The ultimate goal of clinical research is to produce evidence that supports clinical and policy decisions. Numerous analyses suggest that a substantial proportion of clinical trials aimed at informing clinical practice are marred by flaws in design, execution, analysis, and reporting (Chalmers et al., 2014; Chan et al., 2014; Fergusson et al., 2005; Glasziou et al., 2014; Ioannidis et al., 2014; Al-Shahi Salman et al., 2014; Yordanov et al., 2018; Yordanov et al., 2015). The initial research response to COVID-19 illustrated the fact that existing oversight mechanisms fail to prevent the initiation of flawed trials (Bugin and Woodcock, 2021). While unexpected events can stymie well-conceived and implemented studies, trials that have features rendering them unlikely to inform clinical practice may do harm by misleading potential participants about their benefits and by diverting patient-participants from otherwise informative research efforts (Zarin et al., 2019).

We have previously described five conditions that trials should fulfill to support clinical or policy decision-making (Zarin et al., 2019; London and Kimmelman, 2020).
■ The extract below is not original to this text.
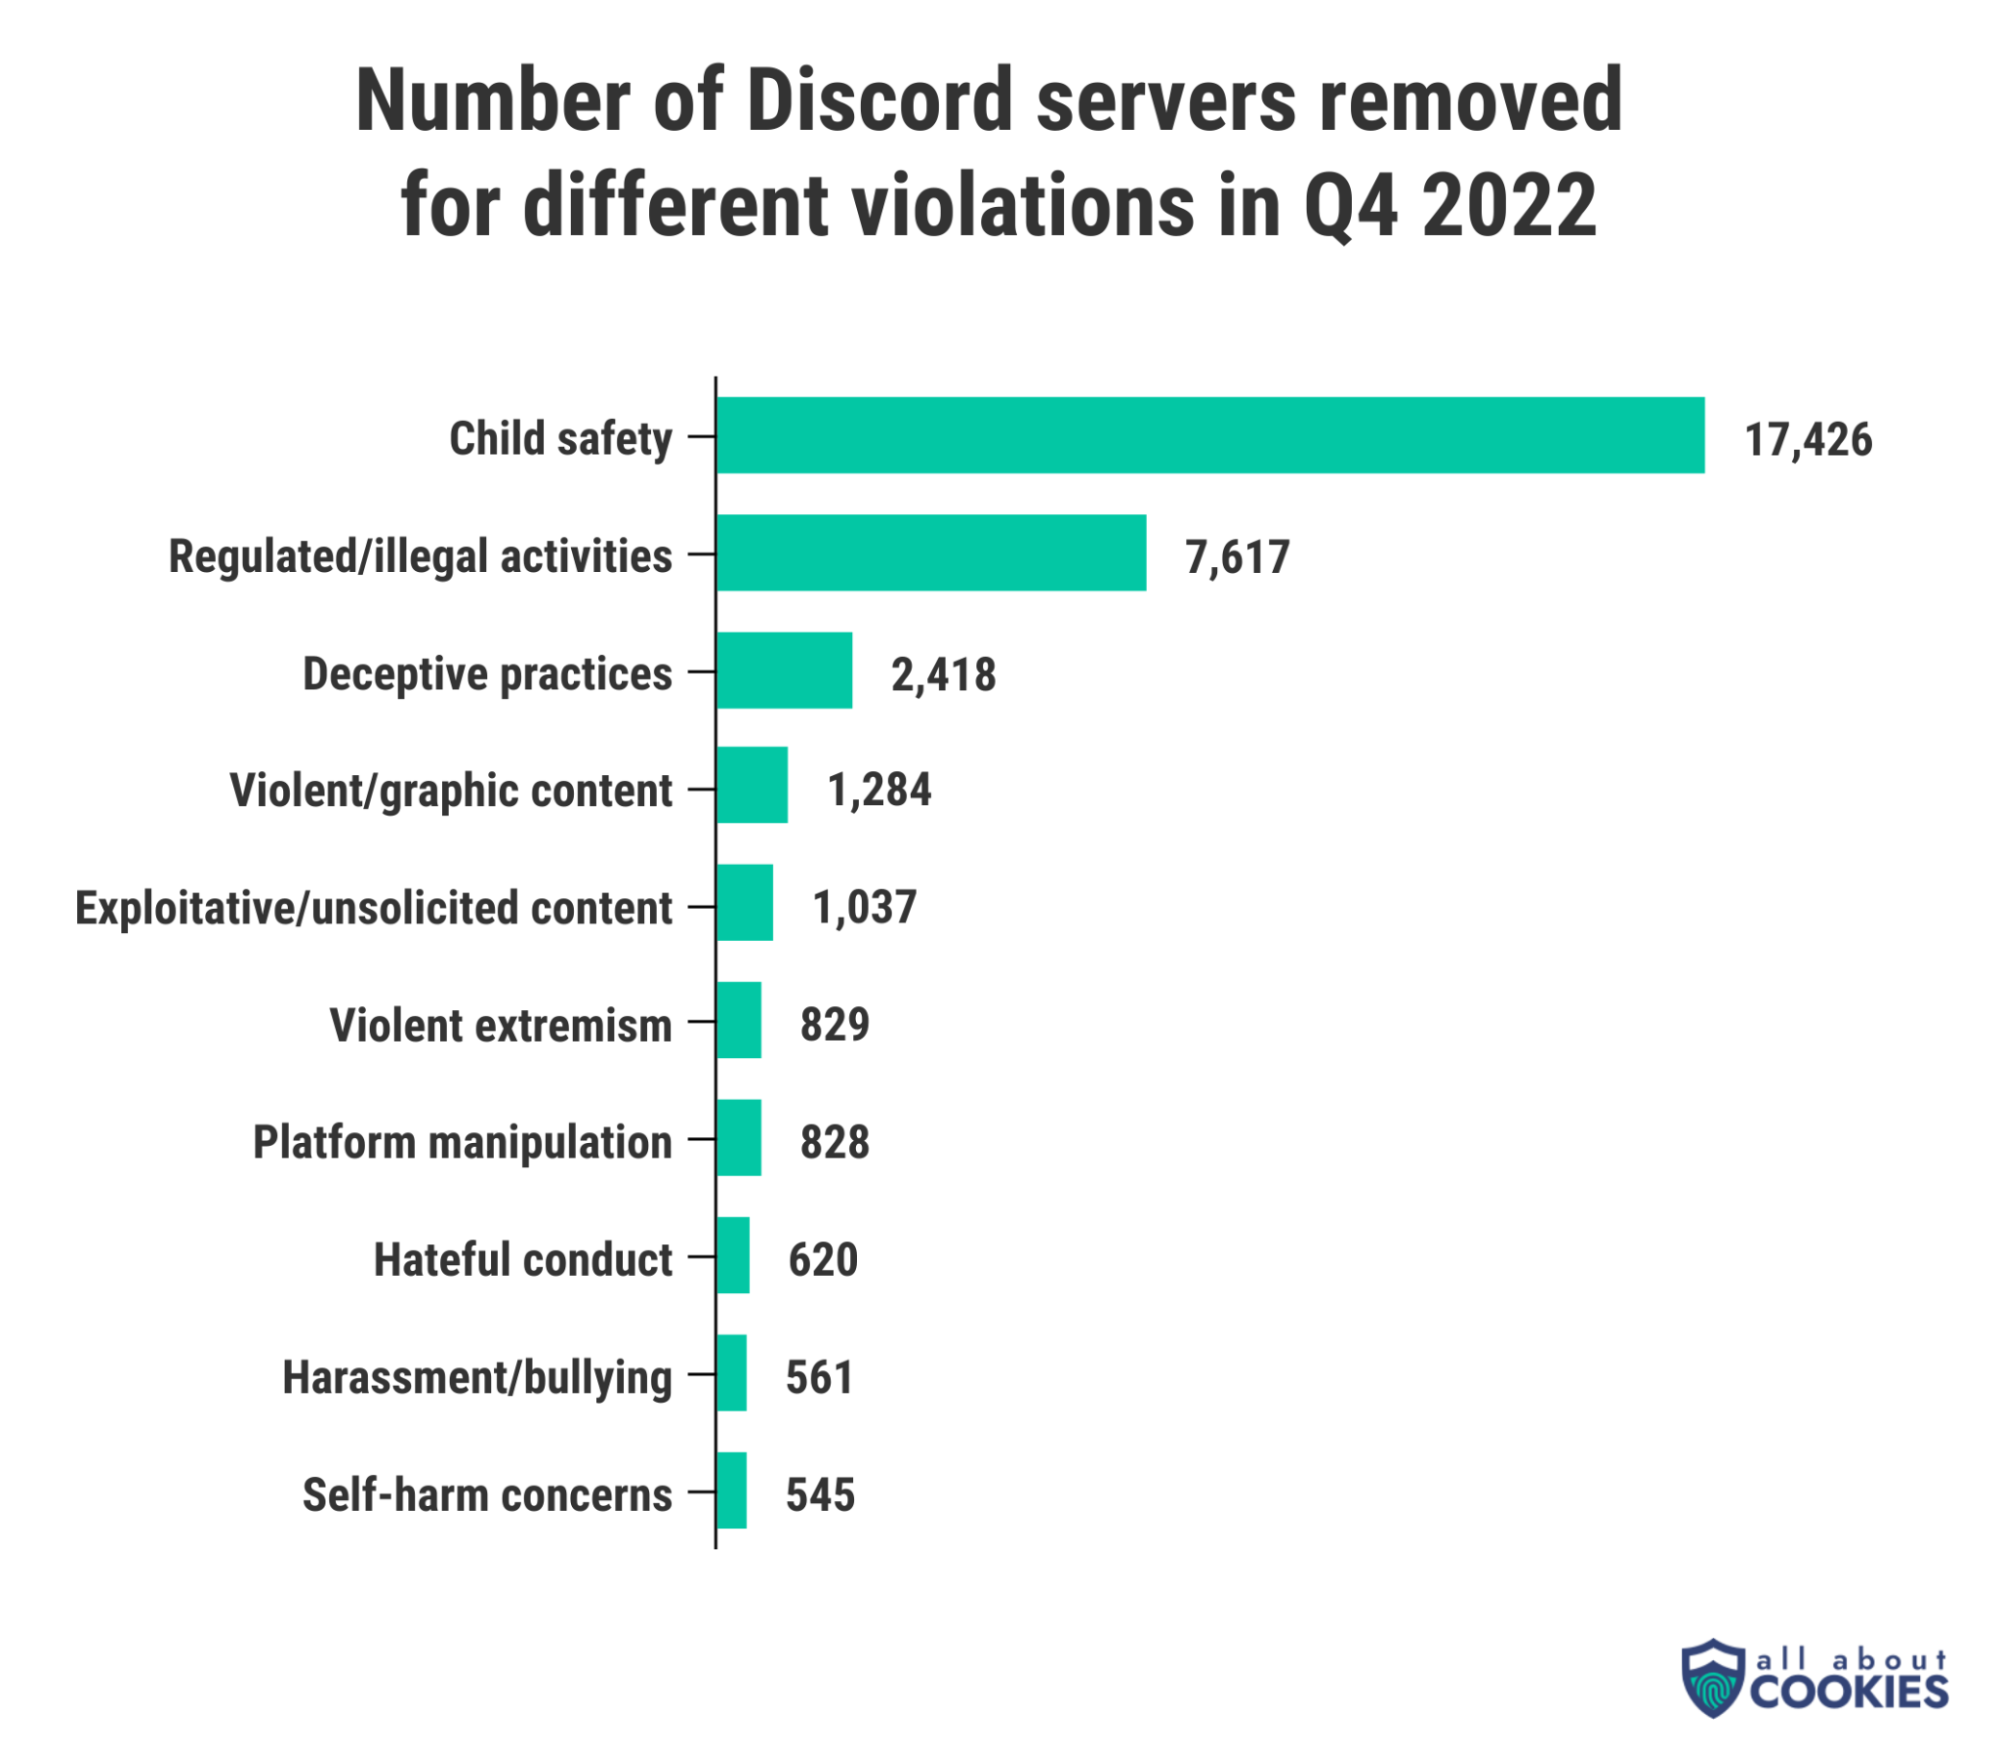 In Q4 2022, over 17,000 Discord servers were removed due to child safety concerns.

First, trials must ask an important and clinically relevant question that is not yet resolved. Second, trials must be designed to provide a meaningful answer to that question. Third, trials must be feasible, with achievable enrollment goals and timely primary outcome completion. Fourth, outcomes must be analyzed in ways that support valid interpretation. Last, trial results must be made accessible in a timely fashion.

In what follows, we created surrogate measures for four conditions of informativeness: trial importance, design quality, feasibility, and reporting (the fifth condition, analytical integrity, did not lend itself to objective, dichotomous assessment, and is not assessed below). We then evaluated the proportion of clinically directed randomized trials in three common disease areas meeting these four conditions. Our approach involved a retrospective evaluation of trial informativeness. Findings can help healthcare and research systems identify study types in need of further scrutiny, thereby improving the impact of future research.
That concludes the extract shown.